In the first case, with a loan amount of 300000. The instalment will increase by 49 PLN if the repayment period is 30 years and 38 PLN if the repayment period is 10 years. In the second, with an increase in rates by 50 points, the instalment will increase by 98 PLN if the repayment period is 30 years and by 76 if the repayment period is 10 years.
And if the MPC surprised us negatively and raised interest rates not by 75 but by 100 points. baseline? According to Jarosław Sadowski’s calculations, this means loan installments are higher by 199 PLN (30-year repayment period) and 153 PLN (10-year loan). What is worse, if not now, then in the coming months, you should prepare for such a scenario.
“Higher interest rates and increased inflation are not episodes, but phenomena that will leave their mark on our household budgets for a longer time. On the part of the MPC, there is a struggle for inflation, which in March reached double-digit value , to stabilise in the following quarters and to gradually fade away.
Even if this happens, it seems realistic to maintain a few percent NBP rates for many quarters” assumes Bartosz Sawicki, an analyst at Cinkciarz.pl.
This means that the high loan instalments compared to previous years will additionally increase and will not fall quickly. Therefore, when planning your loan-financed expenses, be reasonable and adopt a security cushion.
“Financial markets currently assume that the cycle of increases should stop at around 6%. Realisation of such a scenario for a sample loan for 30 years and a value of PLN 300,000 PLN incurred in the second half of last year means a jump in the monthly instalment from less than 1.2000 PLN to about 2.300 zloty. The loan instalment in a dozen or so months can increase by up to about 100%. ” the economist warns.

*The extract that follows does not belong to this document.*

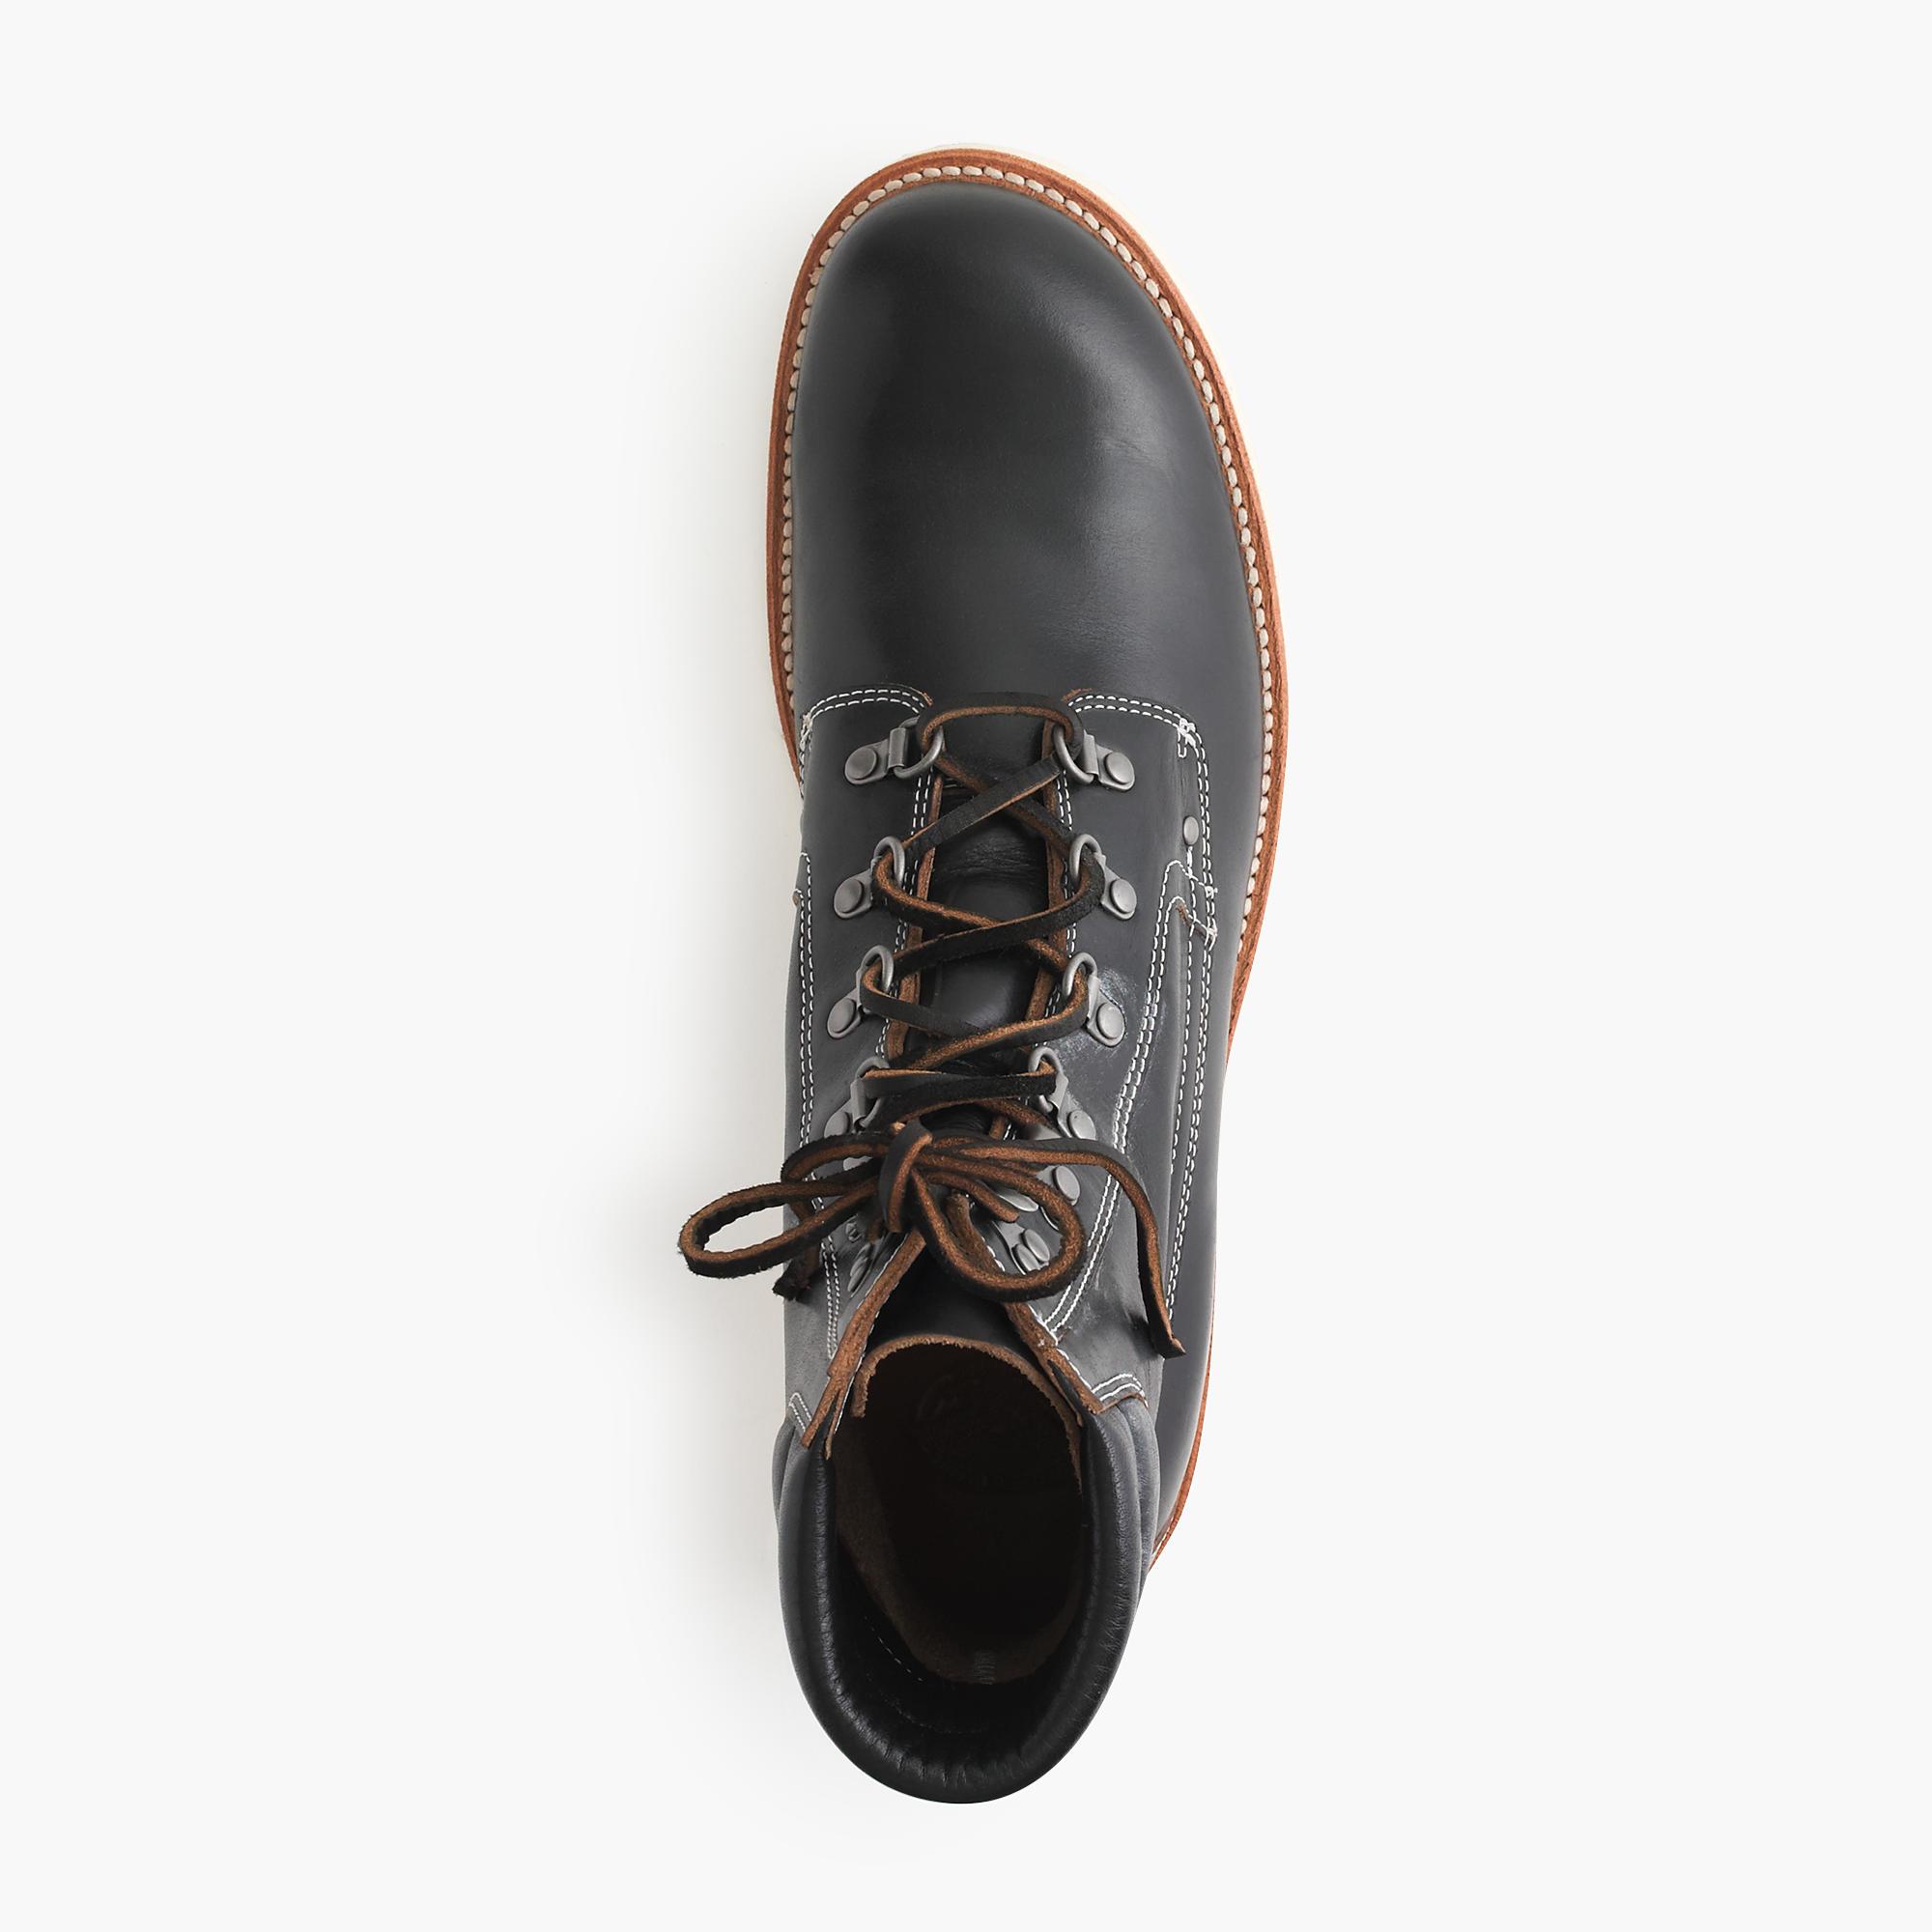 Lyst - J.Crew Wallace & Barnes Plain-toe Byrd Boots in ...

And Jarosław Sadowski points out one more aspect of the interest rate hike cycle, namely the availability of financing. Due to the ever higher rates and the PFSA’s recommendation on the method of calculating creditworthiness, the availability of mortgage loans will drop significantly.
A couple with a total of 6,000 PLN net income in September 2021, they could count on a loan in the amount of 553000 zloty. After the April hike by 75 points this amount may drop to approx. 320000 PLN – a specialist calculates.